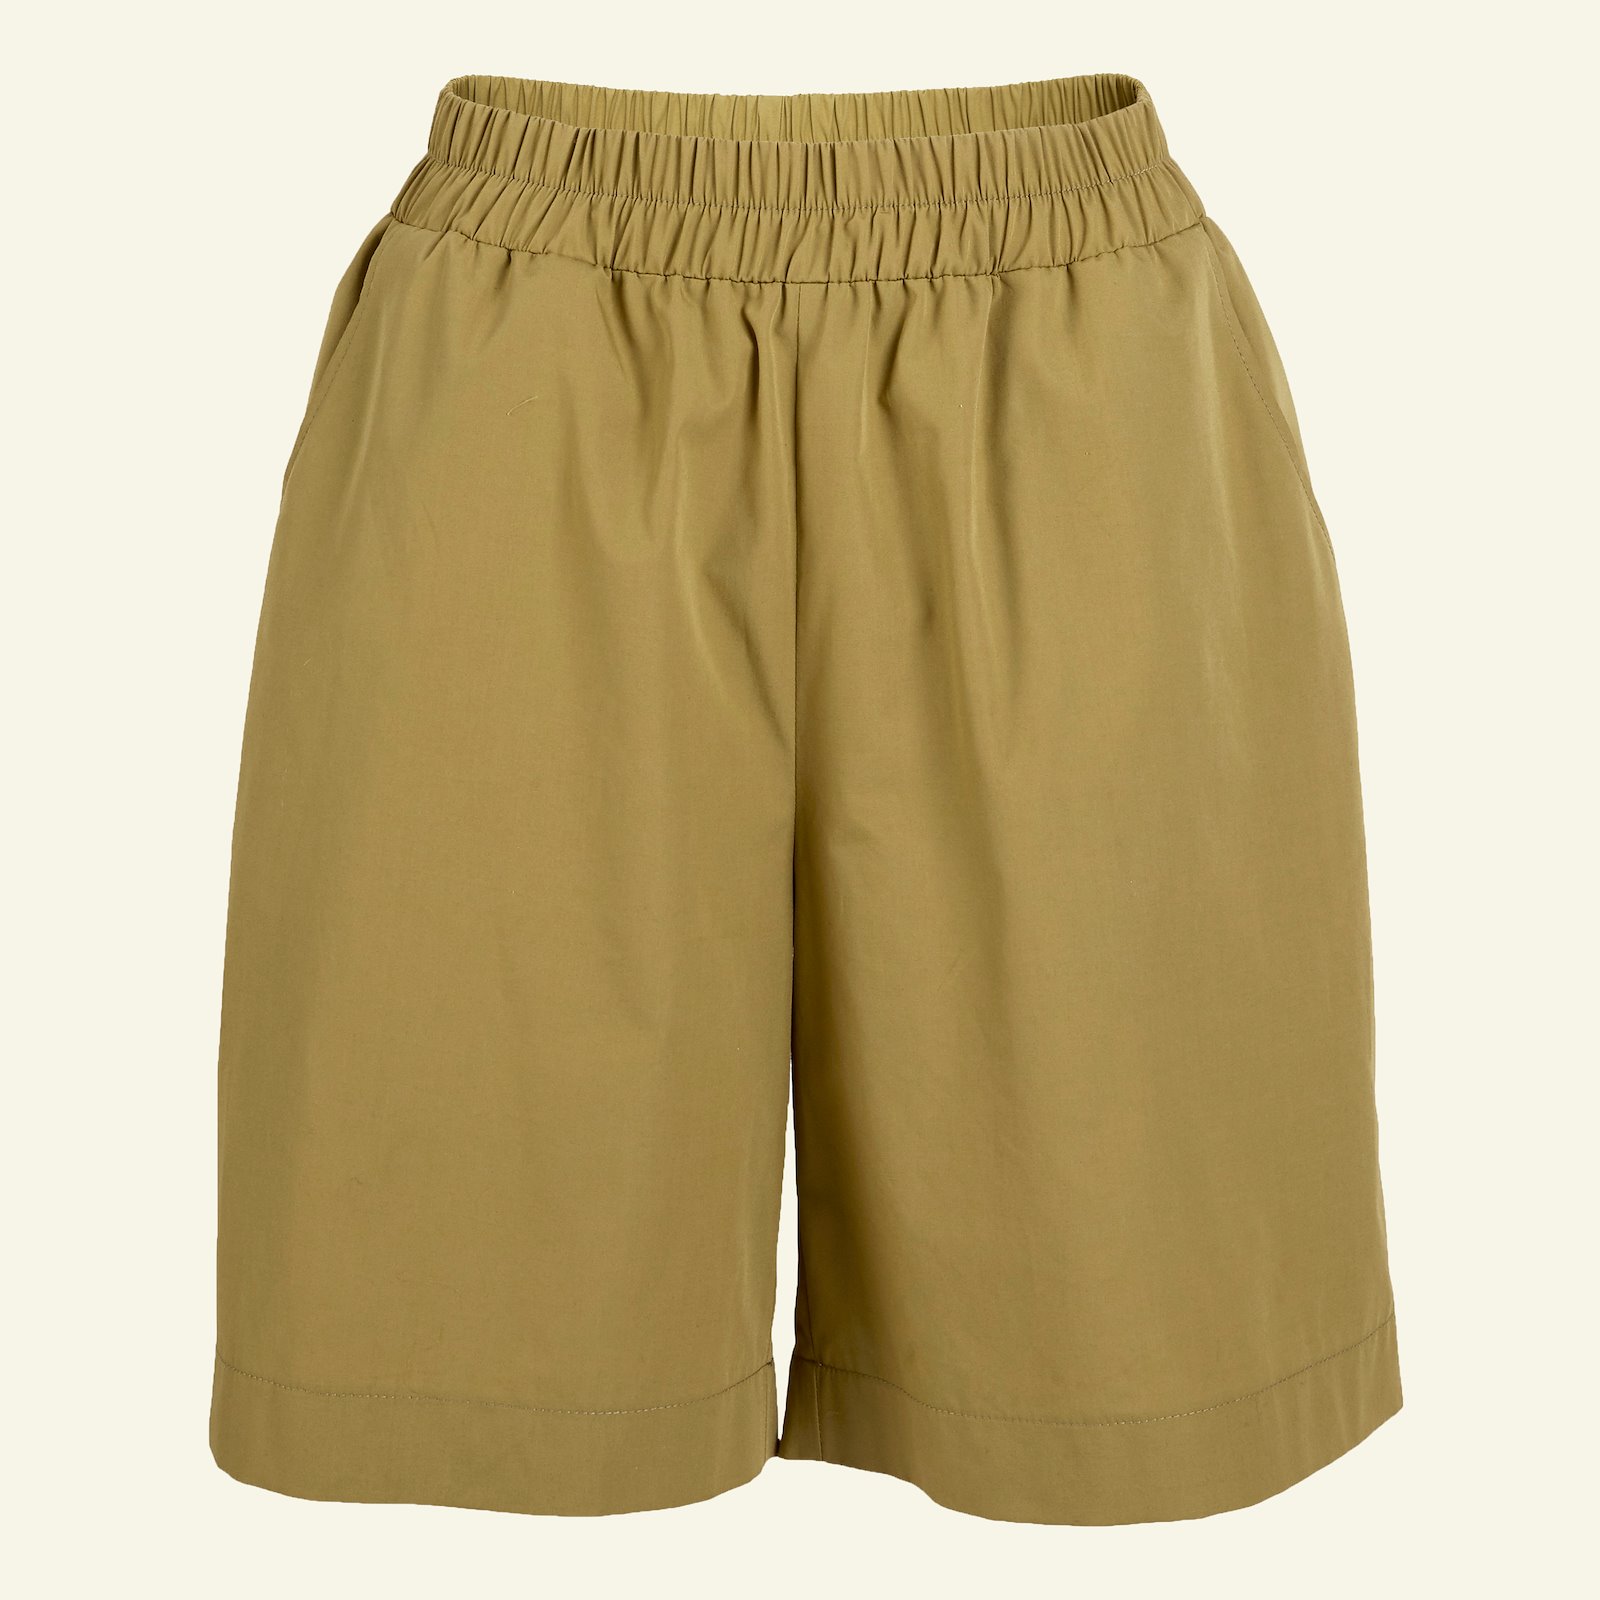 Wide trousers/shorts w. pockets 6-18 p20051_501926_sskit
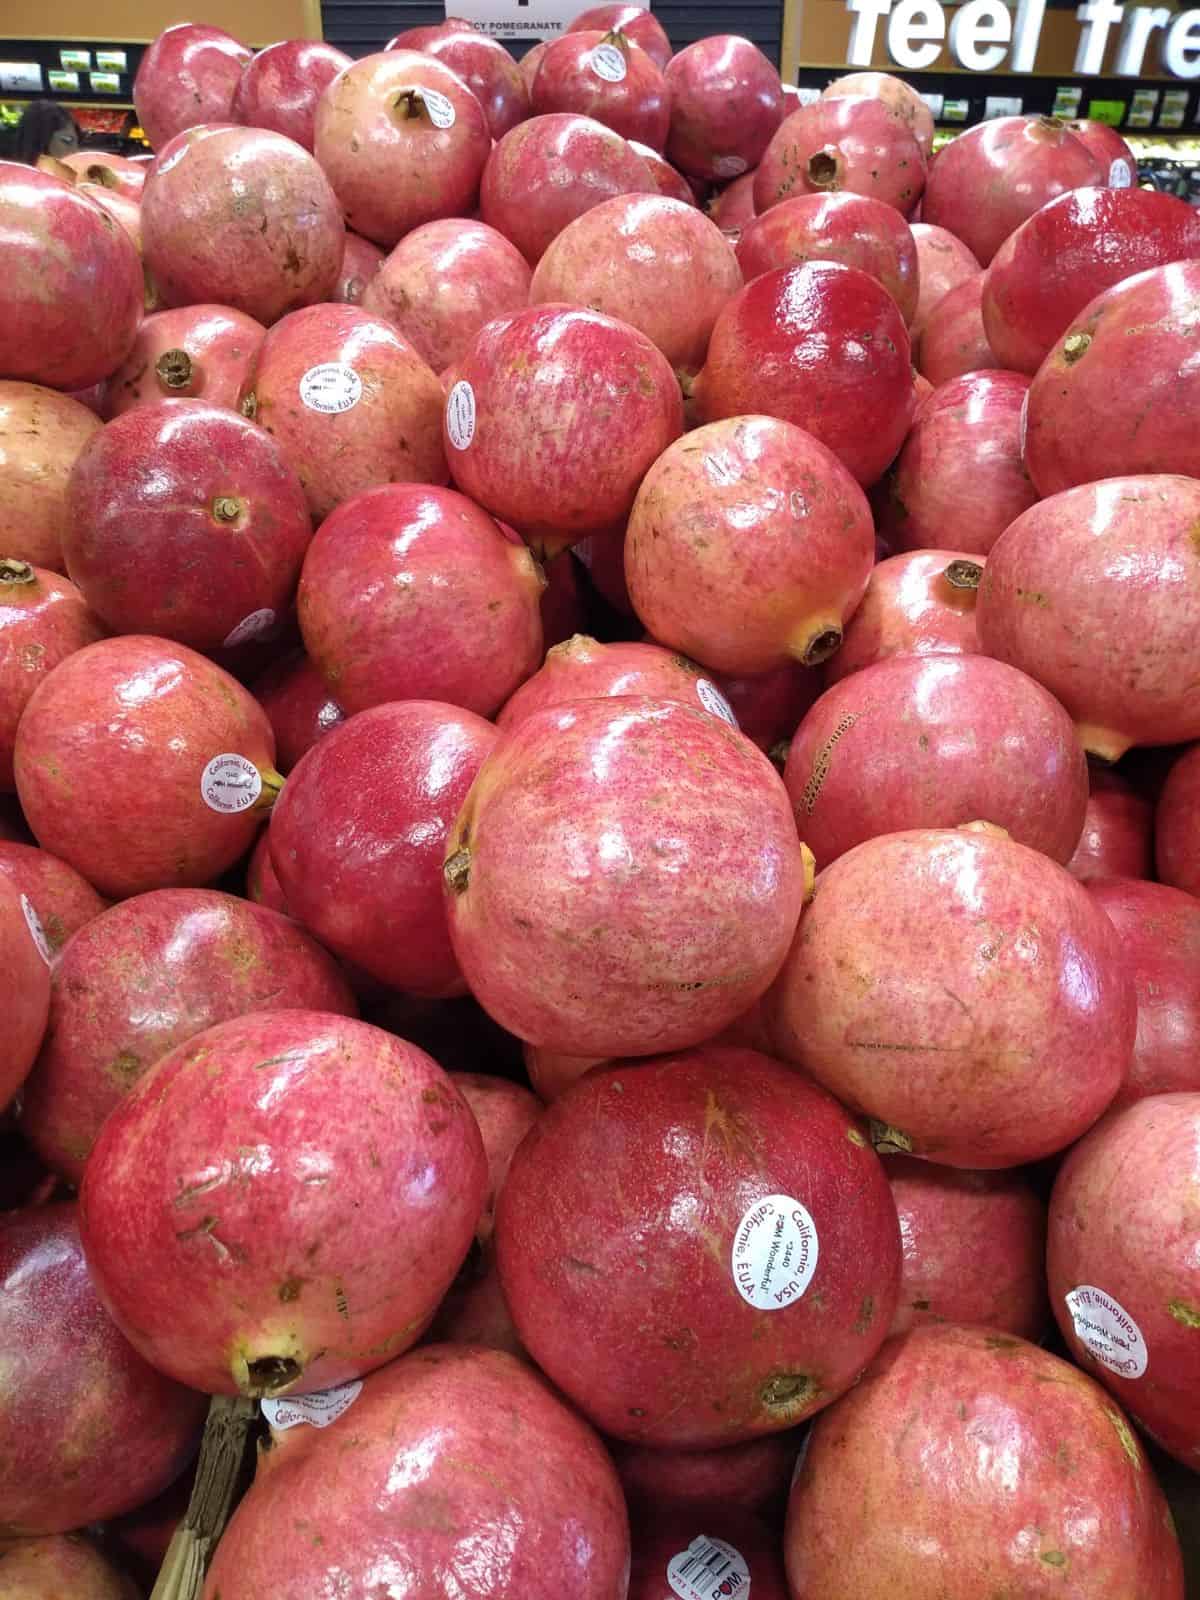 A pile of pomegranates at the grocery store.
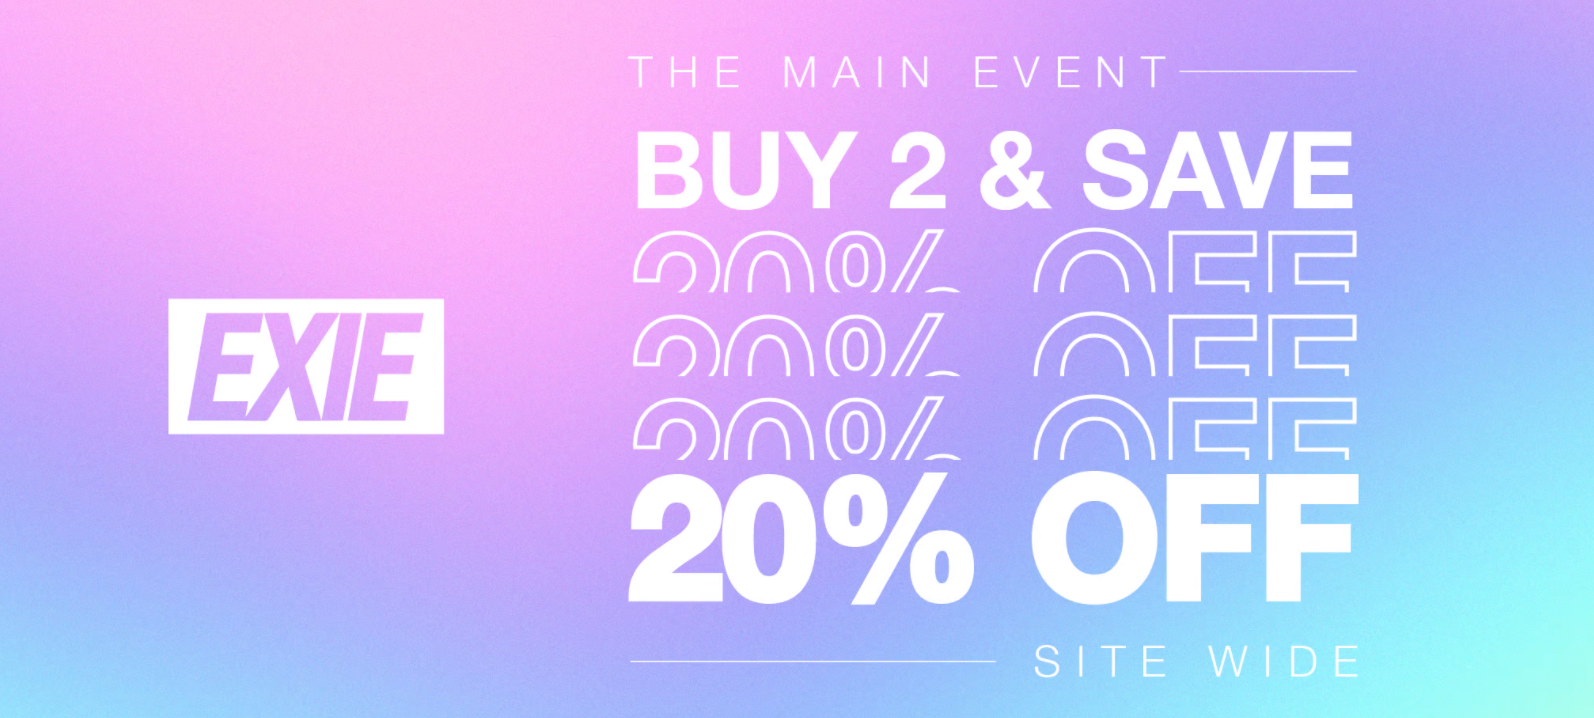 Exie The Main Event 20% OFF when you buy 2 sitewide

- Aim of the task
Reproduce, exactly and with no pictures, the lines from the line containing "A pile of pomegranates at the grocery store." through the closing line of the data above, keeping both ends.

- Answer below
 A pile of pomegranates at the grocery store.
 Exie The Main Event 20% OFF when you buy 2 sitewide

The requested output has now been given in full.